Sounds like an opening for you to open a On- Line store in W.A Pat.

happy Birthday as well old fella  

Rook


----------



## KillerRx4 (18/4/07)

PistolPatch said:


> 2. John Guest ball valves with quick release fittings that fit into Ross's manifold so my entire set-up can be quick-release. No one, including Ross, does it.




That sounds easy enough, just get the bsp/tube fittings to fit your valve.

http://www.legris.com/legris_com/VisualSea...te=BM&gr=02


----------



## roger mellie (18/4/07)

PistolPatch said:


> This could be an interesting thread - fingers crossed :unsure: Thanks to Batz's Altbier, here goes my, 'New Topic,' for tonight which, if I have time, I'll edit in the morning ...
> 
> This is the thread to let retailers know what you'd like them to supply.
> 
> ...



I was up doing some work at midnight - and read your 2000 word essay/wish list - how come you deleted it?. You must have way too much time on your hands Pat - typing all that diatribe then deleting it.

I particularly enjoyed your comment about retailers 'getting on' with each other - co-operating more - nearly wet myself. I thought what us consumers wanted was service and competition - not co-operation and price fixing?

And why would you want ANOTHER auto-syphon - you know they are useless - they MELT!? :excl: 

Have a happy Birthday

RM

PS - top of your list should be a grain mill - never mind the pre cracked vac packed grain.


----------



## johnno (18/4/07)

Some coke would be nice.

I sometimes take one of the kids with me and they need a drink.

cheers
johnno


----------



## Wortgames (18/4/07)

I'd like to see cheap, and well-identified, keg parts or reco kits - especially online - or have the parts available in 'bulk packs' rather than just one at a time. For example, I need to replace a bunch of my corroded, dodgy release valves, but can only ever find one or two types available (my kegs must have about 6 different types of valves!), and they always seem really expensive. If I could find a bulk pack of each type I'd just buy them and keep a few spares. It would be better to have a reco kit for each type of keg though, with a new valve, poppets, springs, washers, o-rings etc - basically a complete rebuild rather than trying to scrape together the individual bits and do a half-assed job cos you can't find all of them.


----------



## warrenlw63 (18/4/07)

johnno said:


> Some coke would be nice.



Probably not a stretch for the WA homebrew stores. Does Ben Cousins make beer? :lol: :lol: 

Warren -


----------



## gnewell (18/4/07)

Polycarbonate sightglass tubing!


----------



## delboy (18/4/07)

pp why do you need JG ball valves with quick releses if you go to a hydrolic repair center you can get nice mini s/s units with similar to jg quick releses.

pnewmatic as well check out the norgren site and if in doubt give them a ring 
also andale have thenm jg style ball valves they are used in glycol systems.
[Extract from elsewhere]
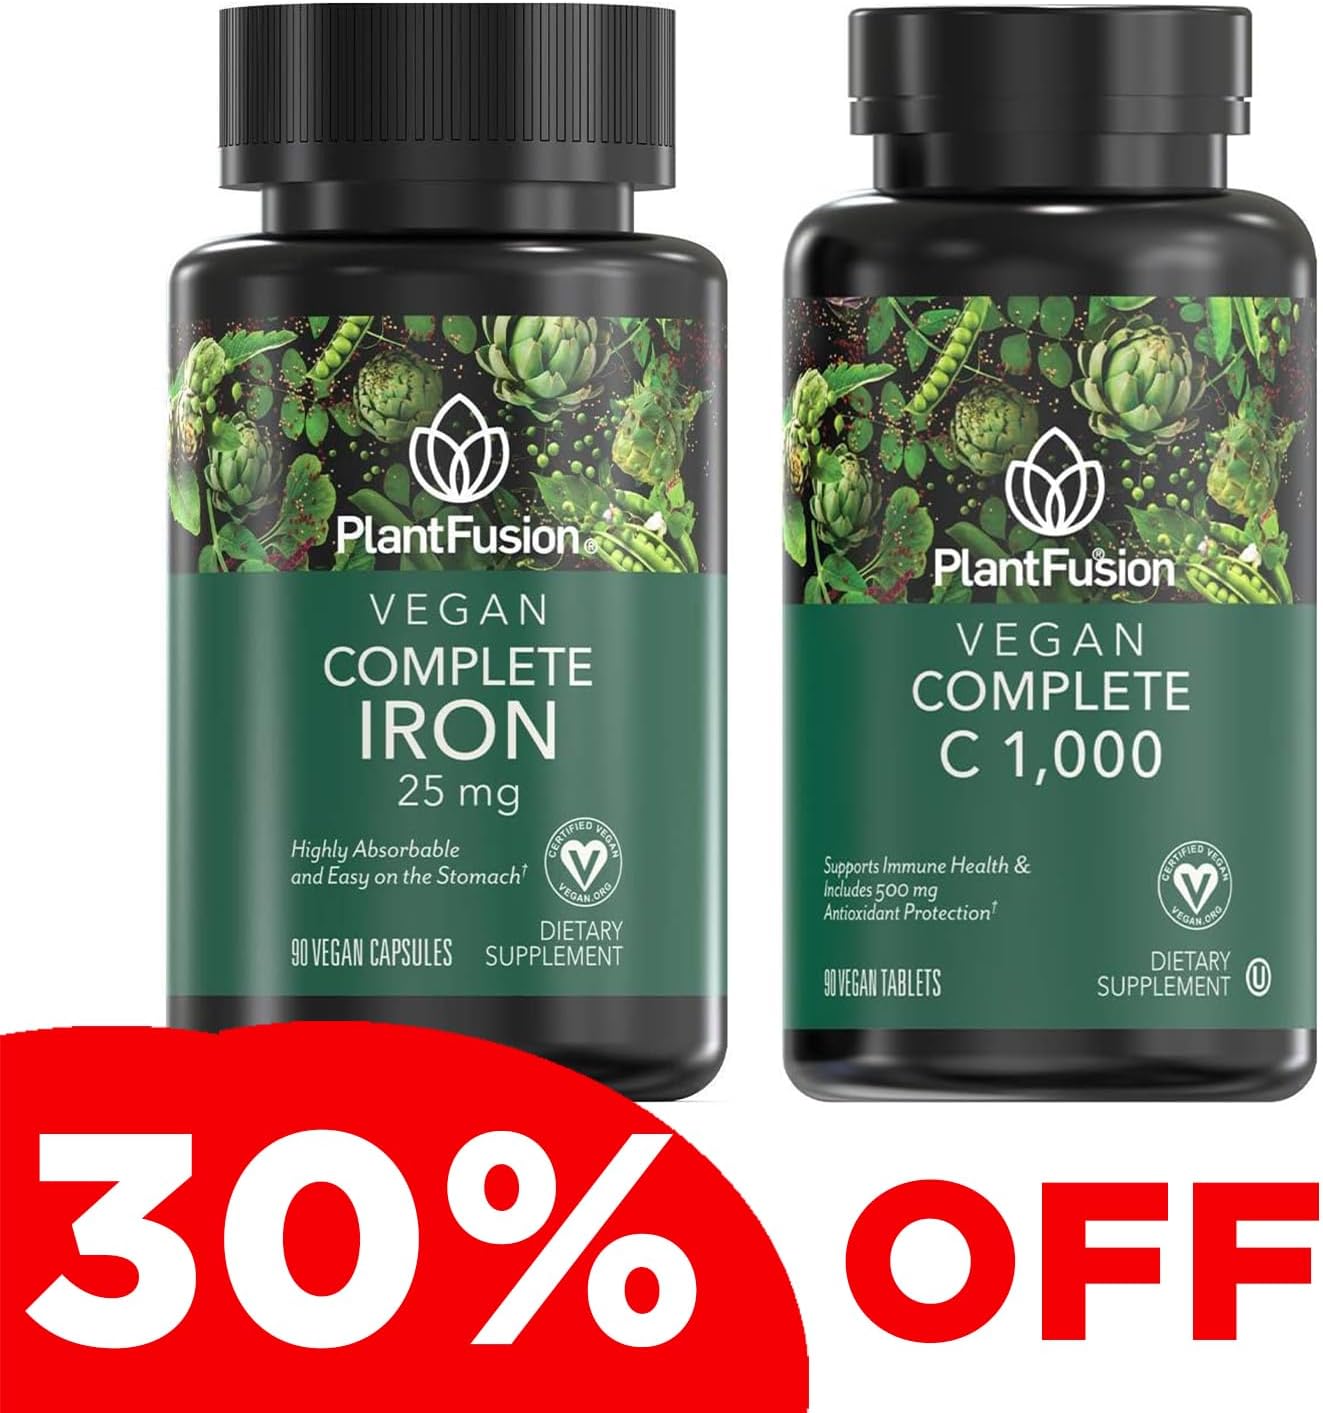 PlantFusion Vegan Iron & Vitamin C Bundle - Premium Plant Based Iron 25mg and Vitamin C 1000mg for Healthy Energy Levels & Immune Health Support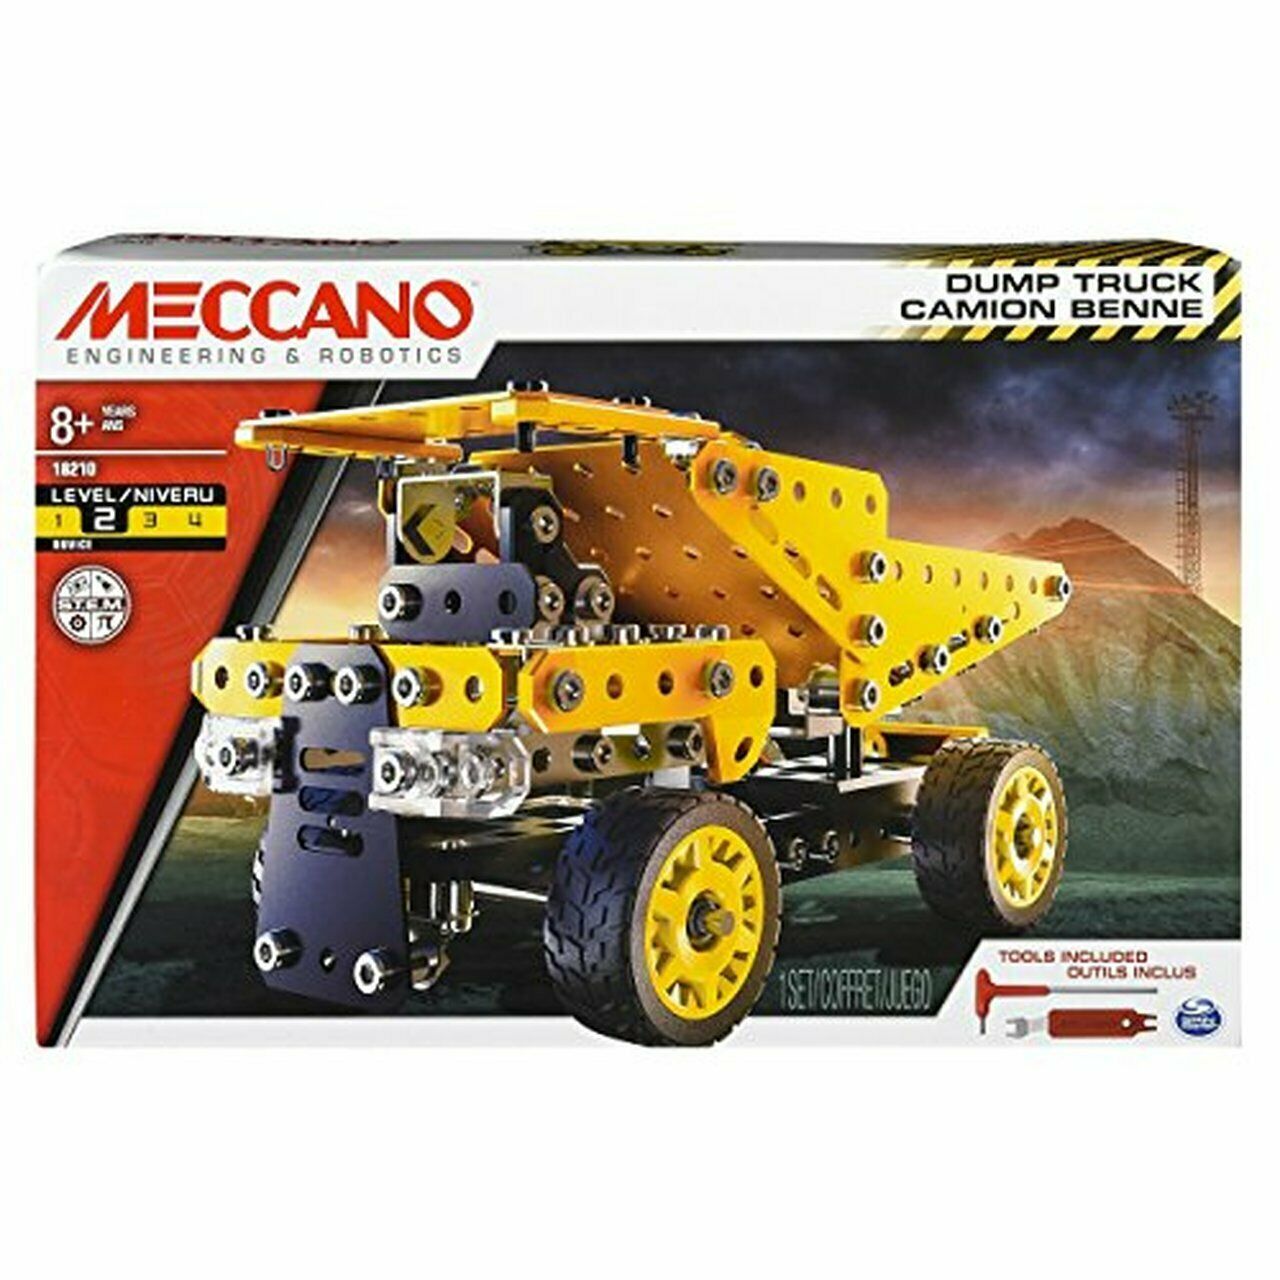 Primary image for Erector by Meccano Dump Truck Model Vehicle Building Kit, STEM Education Toy

i have got one on my gas out let on the fridge.

delboy


----------



## Darren (18/4/07)

I guess sex toys would be out of the question? 

cheers

Darren


----------



## kook (18/4/07)

1. Reasonably priced stainless conicals (ie, AUD$500)
2. American hop flowers (ok, I know it's DAFF/AQIS not the HBS fault)
3. Mash Paddles (not some piece of flimsy plastic shit)
4. Champagne bottles!
5. CPC Quick Disconnects (and the little seals)
6. Glass Carboys for a reasonable price


I'm sure theres lots more too, but thats all I can think of for the moment


----------



## gnewell (18/4/07)

Magentic Stirbar for stirplate.


----------



## TidalPete (18/4/07)

Geoff - Brisbane said:


> Magentic Stirbar for stirplate.



In various sizes.

:beer:


----------



## BOG (18/4/07)

I'd like to see a legal source of pub kegs that could be converted into brewing kettles.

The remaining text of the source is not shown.